Hendrik Pieter (Henk) Barendregt (born 18 December 1947, Amsterdam) is a Dutch logician, known for his work in lambda calculus and type theory.

Life and work 
Barendregt studied mathematical logic at Utrecht University, obtaining his master's degree in 1968 and his PhD in 1971, both cum laude, under Dirk van Dalen and Georg Kreisel. After a postdoctoral position at Stanford University, he taught at Utrecht University.

Since 1986, Barendregt has taught at Radboud University Nijmegen, where he now holds the Chair of Foundations of Mathematics and Computer Science. His research group works on Constructive Interactive Mathematics. He is also Adjunct Professor at Carnegie Mellon University, Pittsburgh, USA. He has been a visiting scholar at Darmstadt, ETH Zürich, Siena, and Kyoto.

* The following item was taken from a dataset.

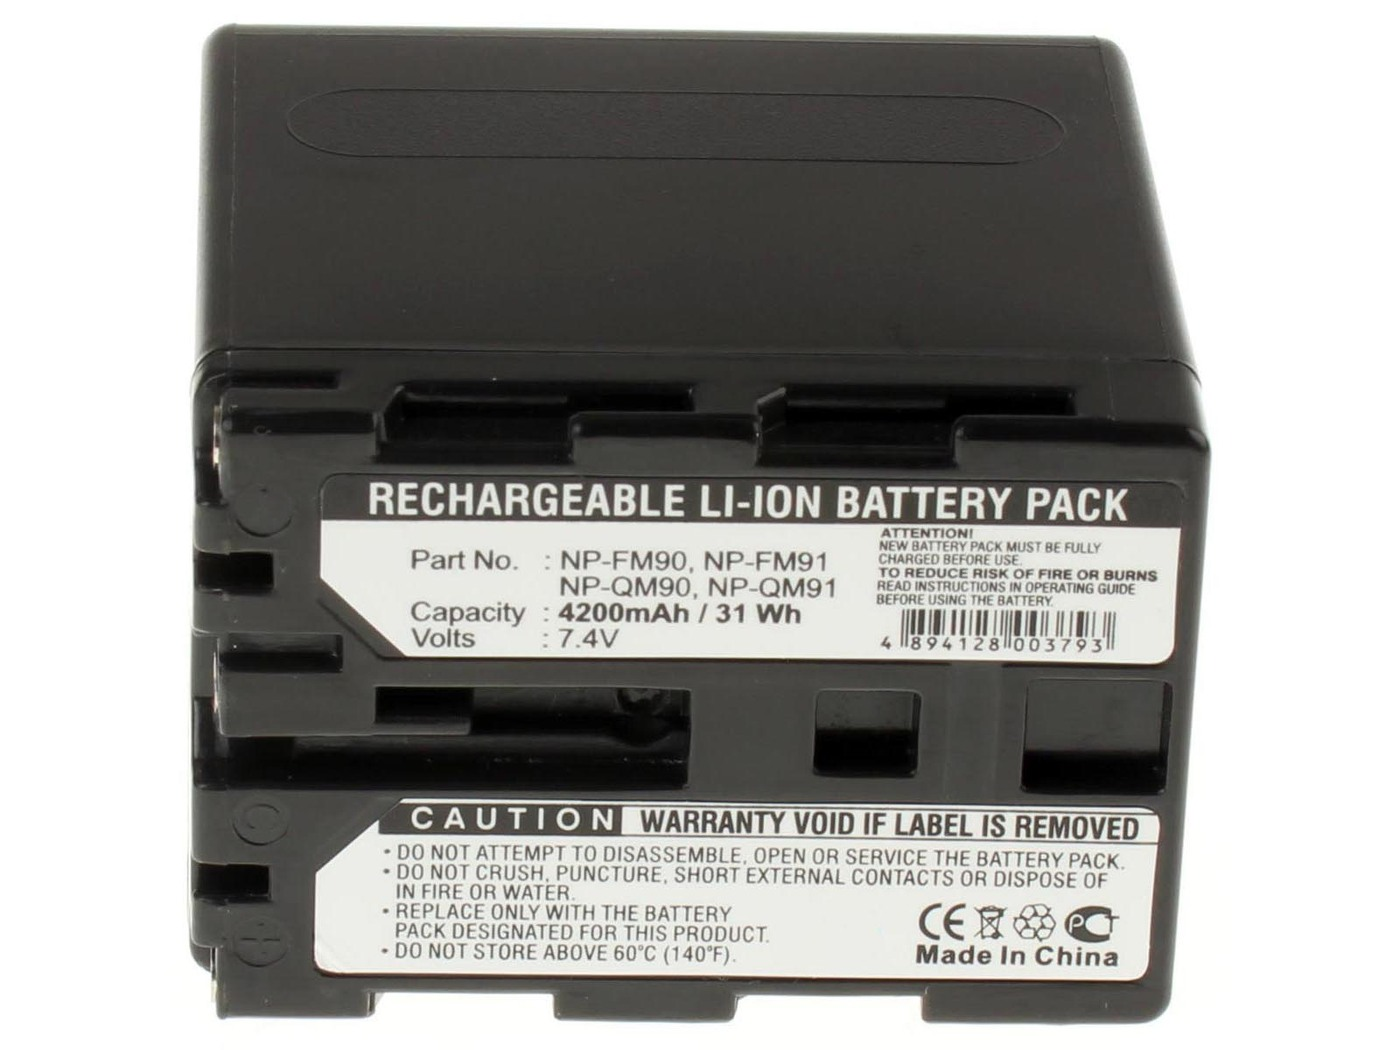 Аккумуляторная батарея iBatt iB-T1-F290 4200mAh для камер Sony HDR-HC1E, DCR-TRV270E, HVR-A1E, DCR-TRV285E, CCD-TRV218E, DCR-TRV22E, DCR-TRV250E, DCR-TRV255E, DCR-HC14E, DCR-HC15E, DCR-TRV19E, DCR-TRV33E, HVR-A1, CCD-TRV428E, DCR-TRV140E, DCR-TRV460E

Barendregt was elected a member of Academia Europaea in 1992. In 1997 Barendregt was elected member of the Royal Netherlands Academy of Arts and Sciences. On 6 February 2003 Barendregt was awarded the Spinozapremie for 2002, the highest scientific award in the Netherlands. In 2002 he was knighted in the Orde van de Nederlandse Leeuw.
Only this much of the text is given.